No exame físico foi encontrado um nódulo umbilical medindo 1 x 1 cm. Tinha uma superfície lisa, de cor branca brilhante e firme à palpação (Fig. 1a). Dermatoscopicamente, havia uma área central fibrosa circundada por fina pigmentação periférica, sem retículo pigmentar ou outros sinais de lesão melanocítica. O aspecto do nódulo sugeria que fosse cicatriz ou dermatofibroma (Fig. 1b). O restante do exame físico foi normal. A ultra-sonografia da zona umbilical excluiu a presença de um canal omphalomesentérico ou urachus. Excisão do nódulo fibroso foi realizada. Um pequeno nódulo associado que aderia a planos profundos na zona umbilical também foi removido. Também foi realizado exame cirúrgico para descartar a possibilidade de comunicação com o peritônio.

Figure 2a Figure 2b
Figure 2a. Imagem histológica mostrando dilatação cística com abundante material mucóide juntamente com uma intensa reação fibrosa (H&E, x10)
Figure 2b. Acinis glandular no restante da parede muscular intestinal (H&E, x20)

Exame histológico do nódulo umbilical excisado mostrou dilatação cística com abundante material mucóide, juntamente com uma intensa reação fibrosa. Houve extravasamento de muco em direção à derme e infiltrado de células inflamatórias (Fig. 2a), bem como acinose glandular no restante da parede muscular intestinal (Fig. 2b).

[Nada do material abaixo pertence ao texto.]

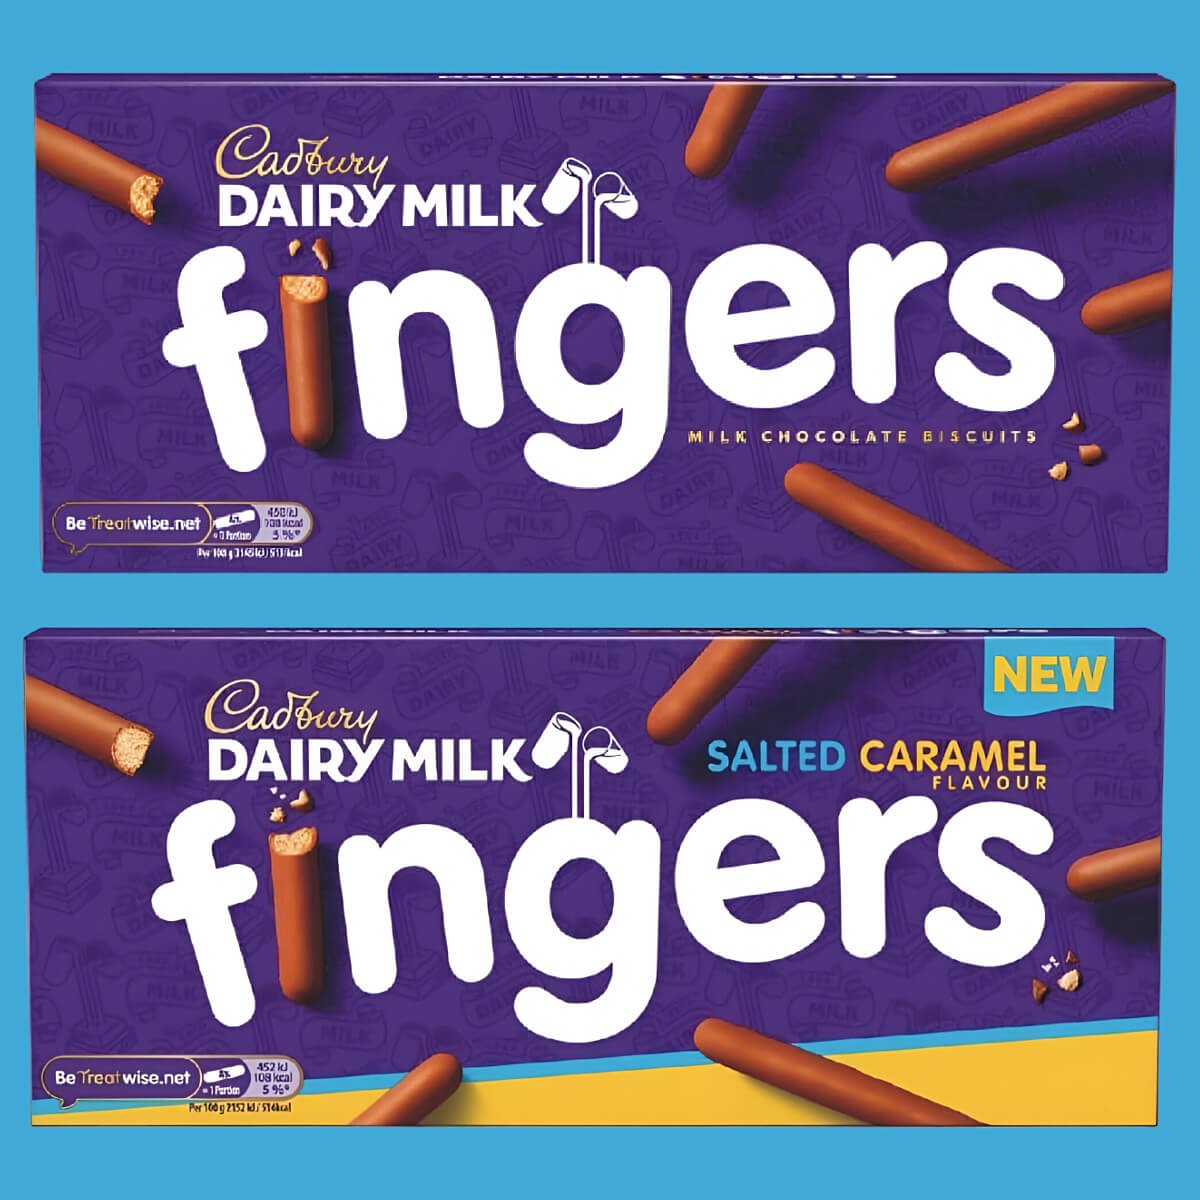 Two boxes of Cadbury Dairy Milk Chocolate Fingers inc. Salted Caramel Fingers.

Dado o diagnóstico de um cisto omphalomesentérico, um exame de pertecetato de Technesium (Tc 99m) foi perfomado e considerado negativo. No momento o paciente está assintomático e tem apenas uma cicatriz umbilical residual.

Discussão

O diagnóstico diferencial das massas umbilicais depende da idade da criança. Nos recém-nascidos o diagnóstico mais frequente é o do granuloma umbilical . Entretanto, outros diagnósticos, como granuloma umbilical piogênico, hérnia umbilical, uraco persistente, onfalocele e gastroquisiose também devem ser considerados.

A presença de massa umbilical em crianças e adultos não é comum. Nestas situações a presença de um tumor benigno ou maligno deve ser sempre descartada. Além disso, cicatrizes quelóides ou hipertróficas também podem assemelhar-se a tumores primários. No nosso caso, a cicatrização em cima do quisto assemelha-se a um quelóide ou dermatofibroma.

O OMD liga o desenvolvimento do tracto gastrointestinal ao saco vitelino e normalmente regride completamente até à nona semana de gestação, deixando uma medula fibrosa. A incapacidade de obliterar o ducto omphalomesentérico pode produzir diferentes malformações, desde a persistência de uma fístula até ao fechamento incompleto do ducto, o que dá origem a um polipo, cisto ou divertículo Merckel (MD), dependendo da porção que resta.

Além disso, quando há um diagnóstico de persistência de OMD é sempre necessário realizar testes de imagem com ecografia e/ou varredura Tc 99m para excluir a presença de mais de uma malformação associada, a mais freqüente das quais é MD. Embora a maioria das MD permaneçam assintomáticas, cerca de quatro a seis por cento podem ser sintomáticas e causar obstrução, hemorragia devido a ulceração da mucosa ou infecções.

Em conclusão, embora a persistência da DMO seja geralmente diagnosticada em idade precoce, esta possibilidade deve ser considerada quando há um tumor umbilical que se assemelha a uma cicatriz. Pode ser um cisto omphalomesentérico associado a uma reação fibrosa, como em nosso paciente.

1. Hataya Y, Matsuo K, Hirose T. Umbilical Polyp. Eur J plast Surg. 1989; 12: 135-37.
2. Sánchez-Castellanos ME, Sandoval-Tress C, Hernández-Torres M. Persistência do ducto omphalomesentérico. Diagnóstico diferencial do granuloma umbilical na infância. Actas Dermosifiliogr. 2006 Jul-Aug;97(6):404-5.4. Vane DW, West KW, Grosfeld JL. Anomalias dos ductos de Vitelline. Experiência com 217 casos de infância. Arch surgery 1987 May;122(5):542-7.
5. Levy AD, Hobbs CM. Diverticulum Merckel: Características Radiológicas com correlação patológica. Radiografias 2004 Mar-Apr;24(2):565-87 6.
6. Pacilli M, Sebire NJ, Maritsi D, Kiely EM, Drake DP, Curry JI, Pierro A. Pólipo umbilical em lactentes e crianças. Eur J Pediatr Surg. 2007 Dez;17(6):397-9.

Leave a Reply

O seu endereço de email não será publicado.